**Requirement:** Using the data below, reproduce exactly the lines from the line with "Coin (Franc) Showing" to the line with "The Best Articulated", both included; pictures must be dropped.
[[ Data for the task, beginning ]]
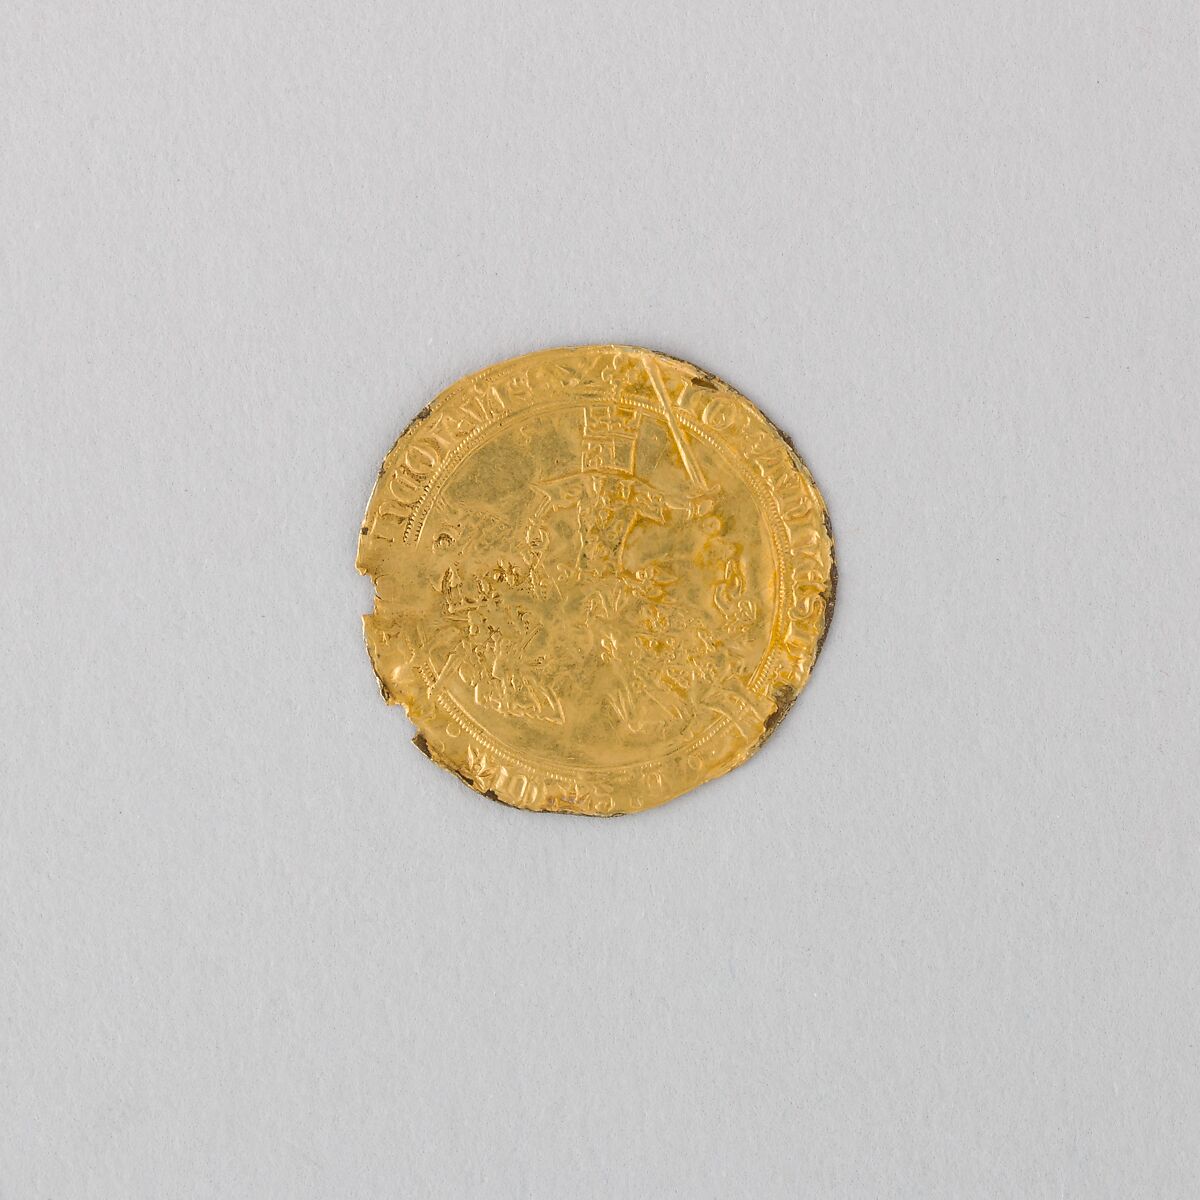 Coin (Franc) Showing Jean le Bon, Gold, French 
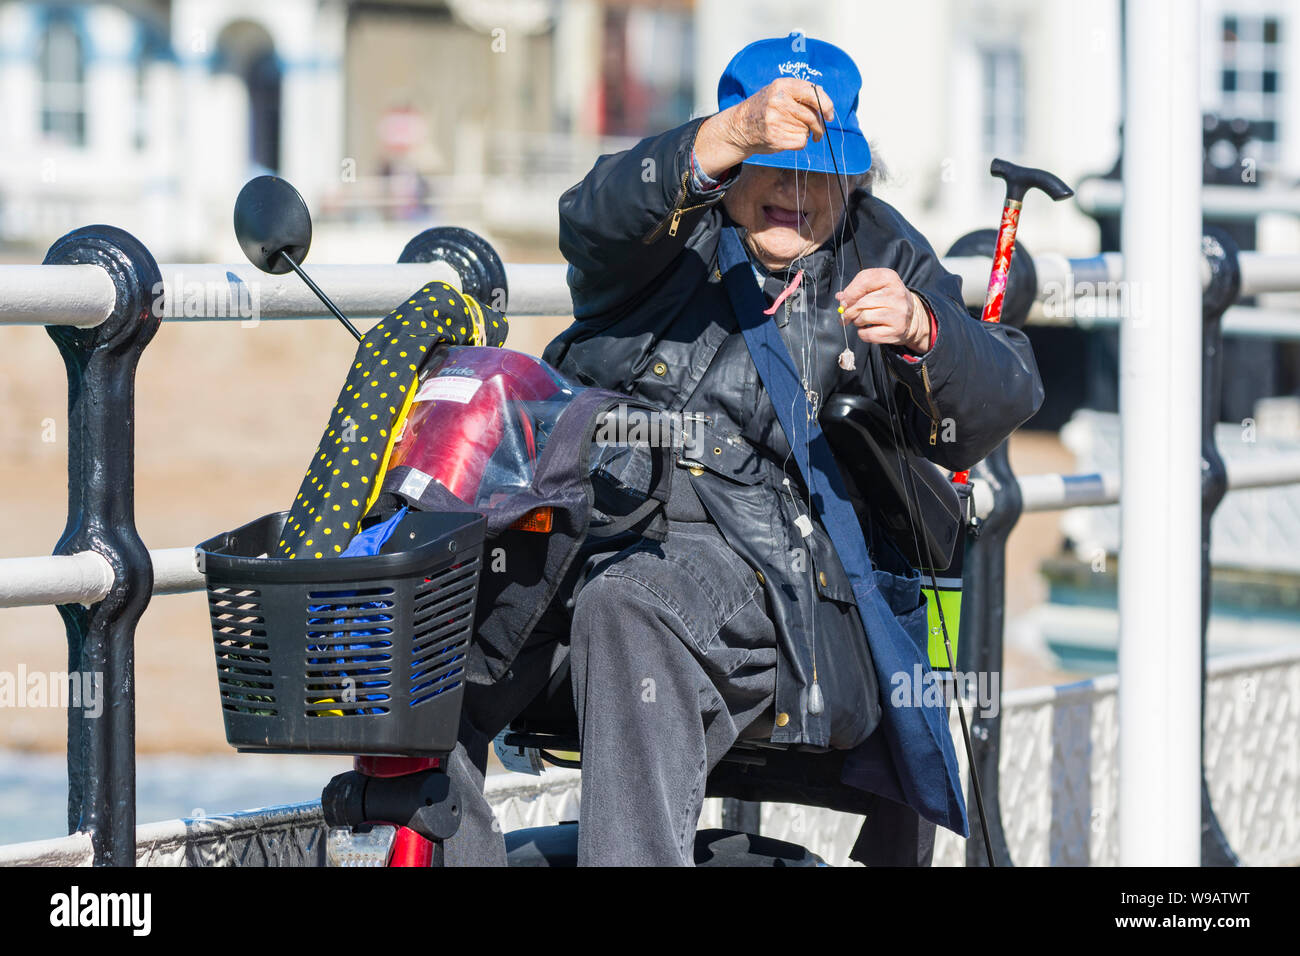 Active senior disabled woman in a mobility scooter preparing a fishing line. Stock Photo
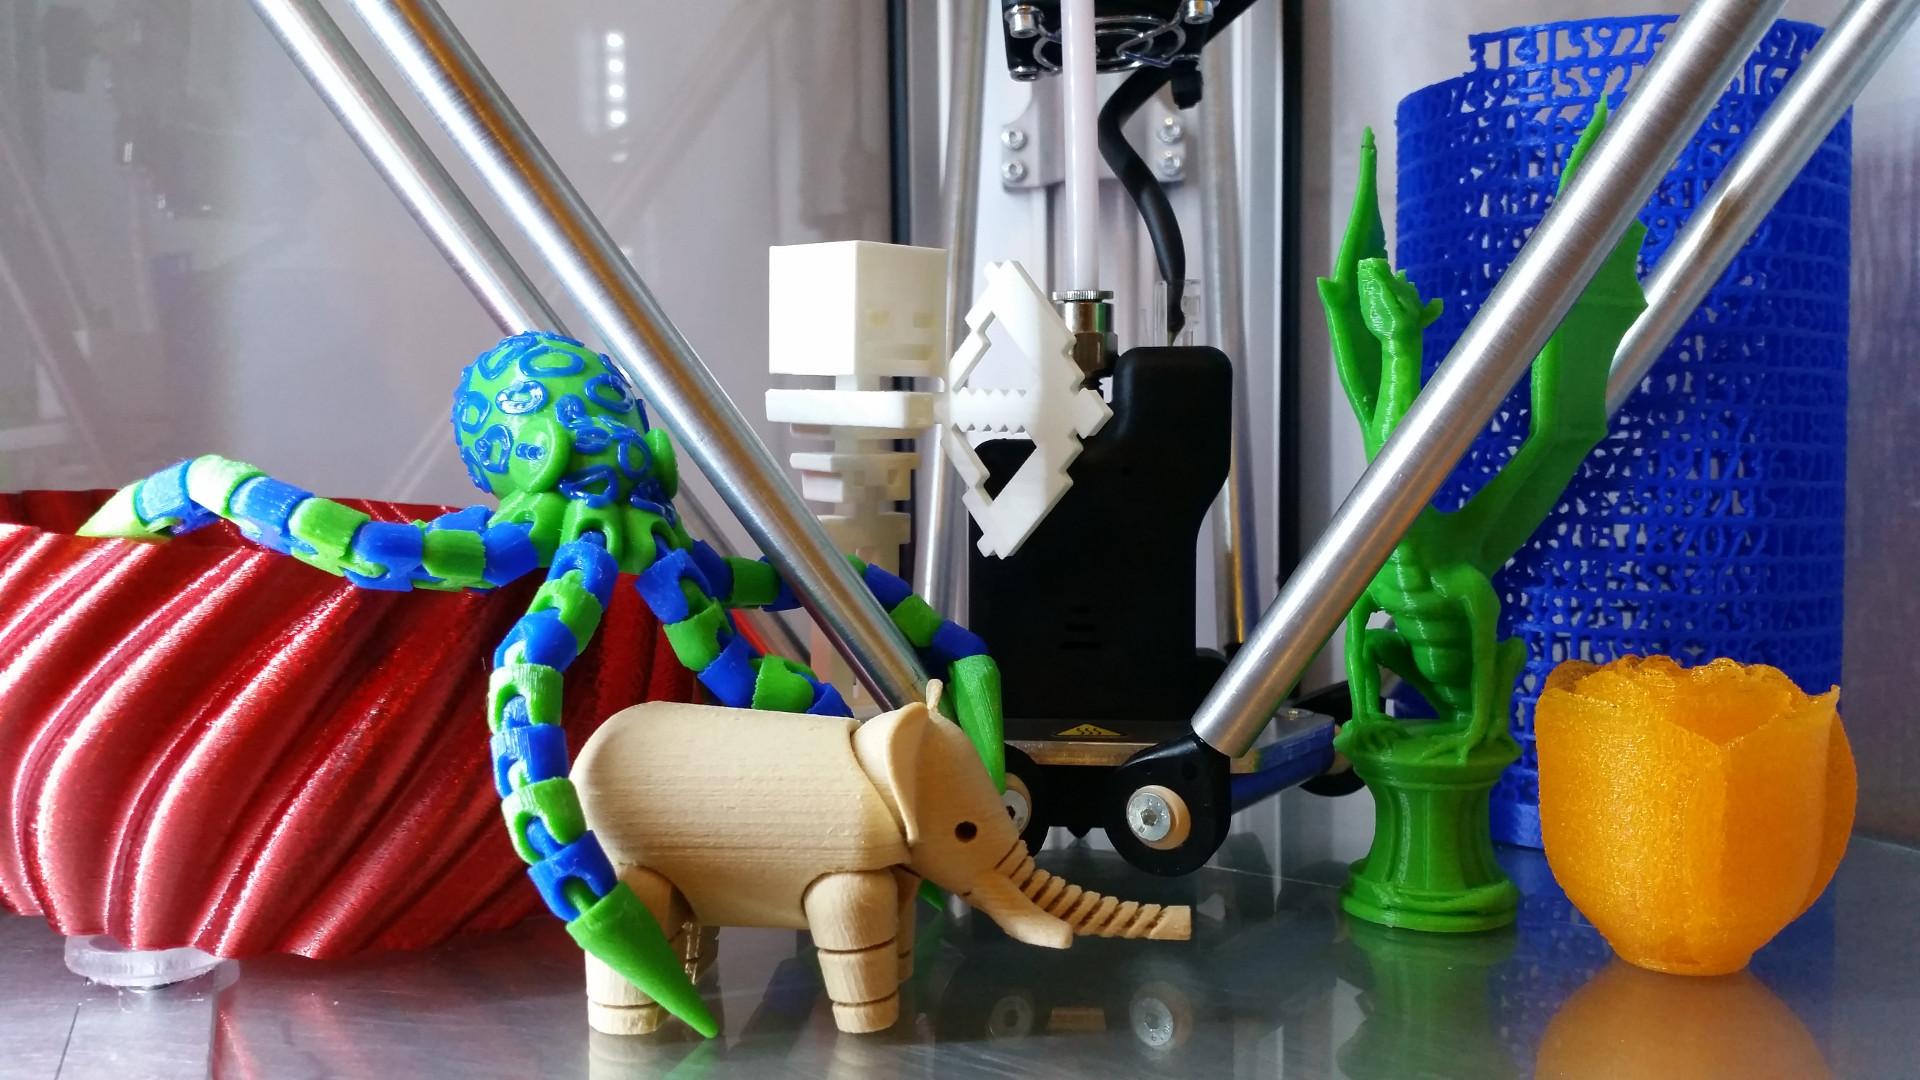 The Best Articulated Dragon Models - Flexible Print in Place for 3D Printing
[[ Data for the task, end ]]
[[ Data for the task, beginning ]]
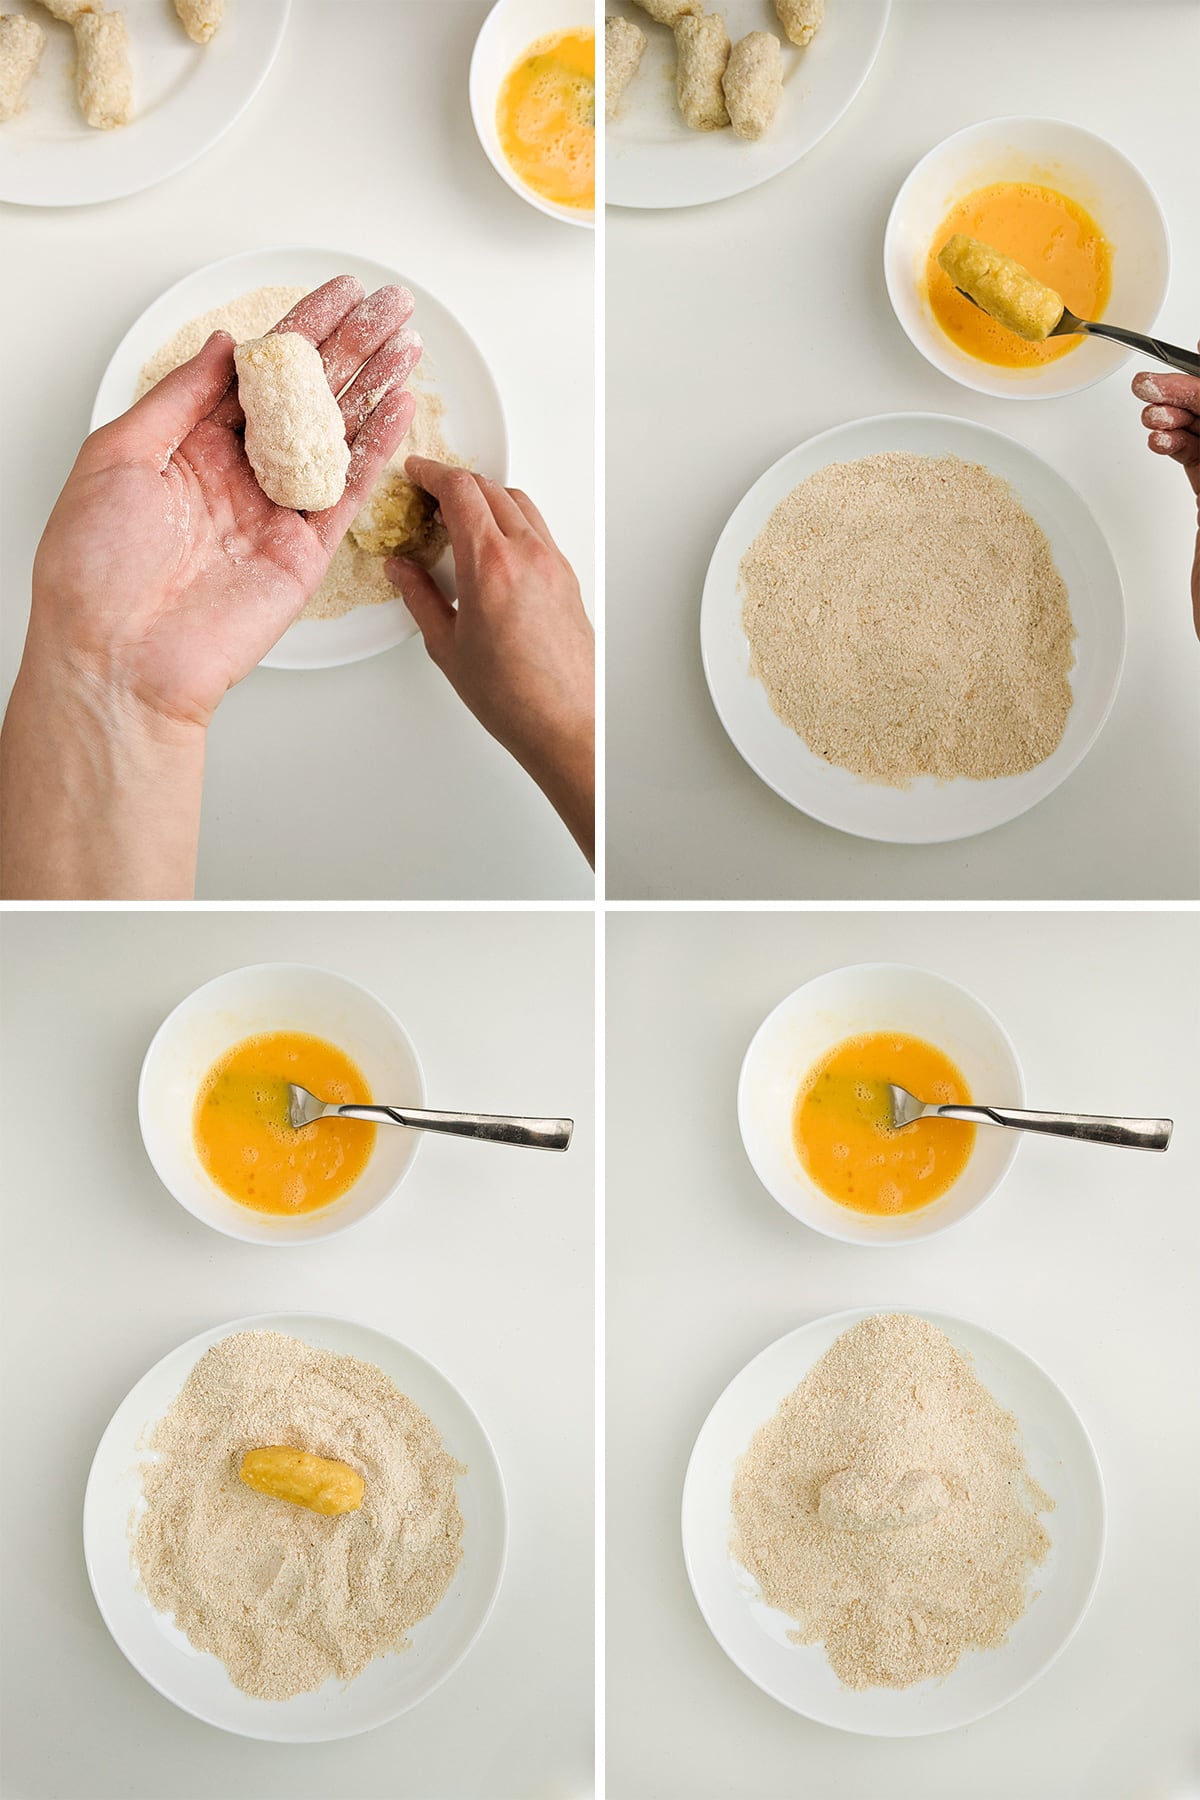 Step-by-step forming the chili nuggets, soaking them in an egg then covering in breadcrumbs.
[[ Data for the task, end ]]
[[ Data for the task, beginning ]]
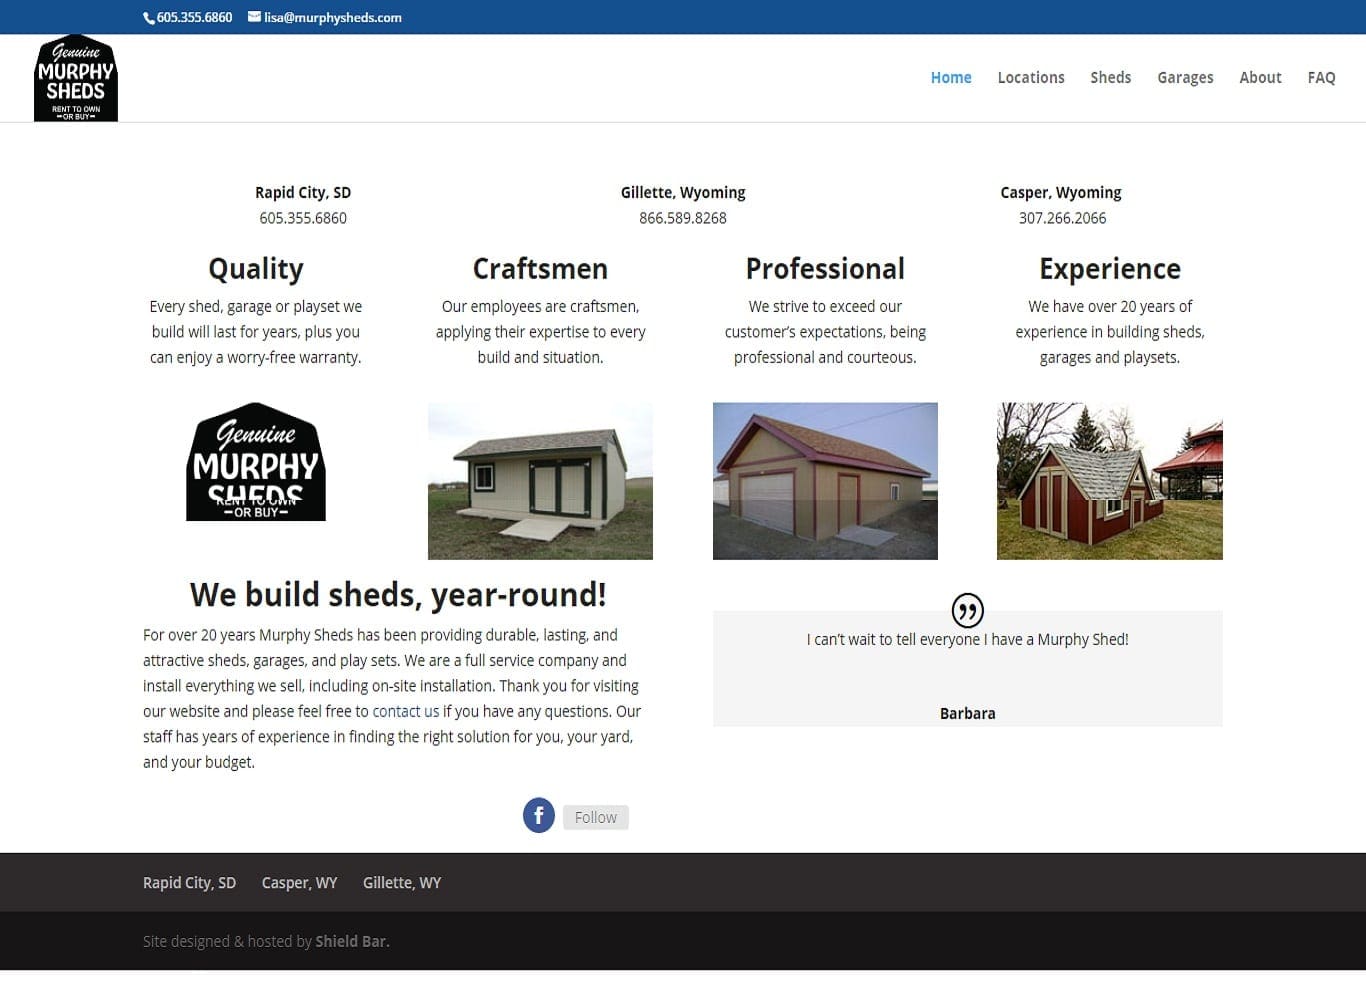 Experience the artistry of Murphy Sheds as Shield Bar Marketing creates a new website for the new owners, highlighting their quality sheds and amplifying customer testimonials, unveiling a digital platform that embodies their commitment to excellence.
[[ Data for the task, end ]]
**The answer:**
 Coin (Franc) Showing Jean le Bon, Gold, French 
 Active senior disabled woman in a mobility scooter preparing a fishing line. Stock Photo
 The Best Articulated Dragon Models - Flexible Print in Place for 3D Printing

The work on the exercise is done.